A more probable answer is that Mallorca doesn’t have the football culture of the North or of Seville. I attended the match with several Mallorca socios (season ticket holders). They were all born in Mallorca and attend the matches but they all had a second team from the mainland. They were Mallorca supporters but also Real Madrid, Barcelona and Valencia supporters. As they live on an island, it’s hard to travel to see these teams so to see football they go to see Real Mallorca. In the North you don’t get such supporters. I doubt anybody is an Athletic Bilbao and Real Madrid fan. The same seems to be true of Seville. I don’t know any Sevilla and Barcelona fans. In Mallorca, the stadium gets close to full only when Real Madrid or Barcelona visits. The feeling of pride for the local football team just isn’t there. It doesn’t feel like a football town.
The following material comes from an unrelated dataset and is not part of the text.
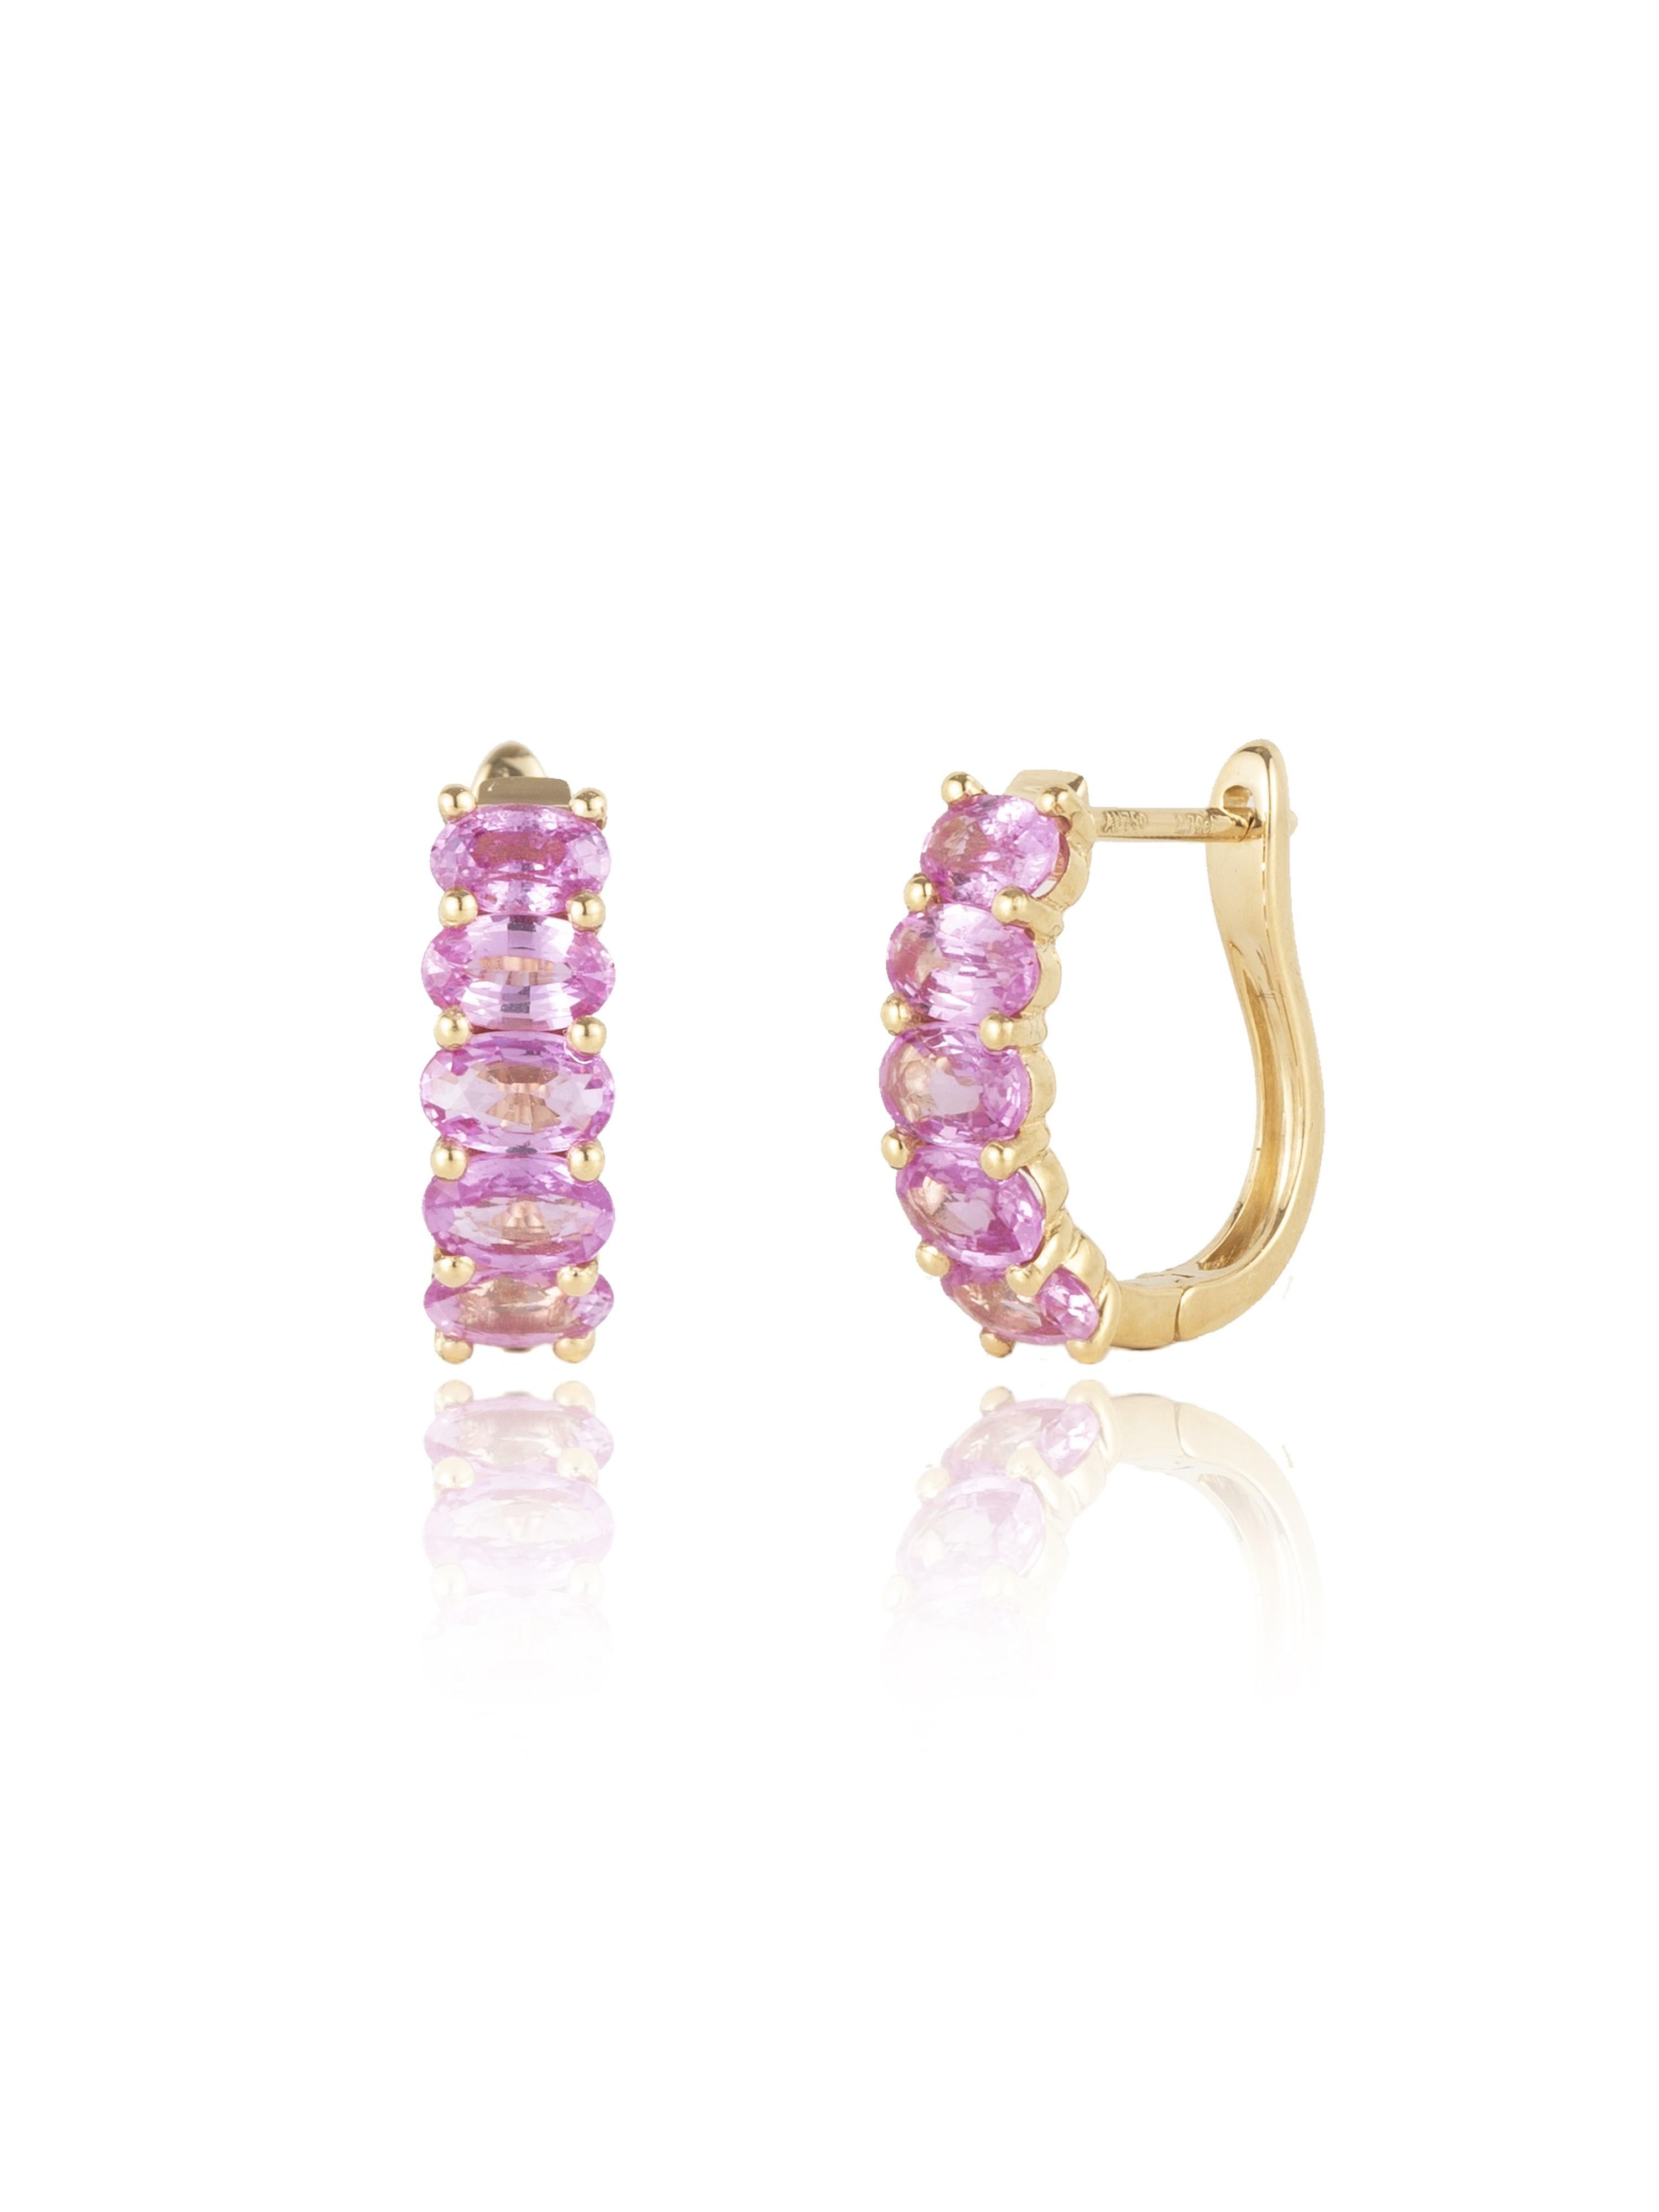 Discover Nina Zhou Pink Sapphire Huggie Earrings with Baroque Pearl Enhancers in 18k Yellow Gold. These earrings blend the serene glow of Pearls with the timeless sparkle of pink sapphire, all cradled in a delicate, classic hoop design. Enhanced by

When we arrived on the island we were given a tour of Palma by one of the people we were attending the match with, Pedro (Valencia and Real Mallorca). During the tour he showed us Mallorca’s old stadium, Estadio Lluís Sitjar, now abandoned. Later at the new stadium, Nico (Real Madrid and Mallorca) was telling me that the move has been a disaster and the fans haven’t followed the team to the new stadium. The Ono Estadi (now named after a mobile phone company) is a “multi-purpose” stadium with a running track. In other words, it’s not a football stadium. The fans aren’t happy with its location, 3 km from the city centre, and the track which definitely takes away from the atmosphere. When it comes to atmosphere, the closer you can get to the pitch, the better.
Real Mallorca is one of many clubs in Europe to have made the mistake of destroying tradition. Moving 3 km out of the city centre, away from the pubs, to an athletics stadium named after a mobile phone company is not what fans anywhere want. This is even more destructive when you don’t have a big fan base to start with.
It seems the club is trying to undo some of the damage as there are plans to take away the track. However, you still have the problem of filling the stadium. For that there is no easy solution.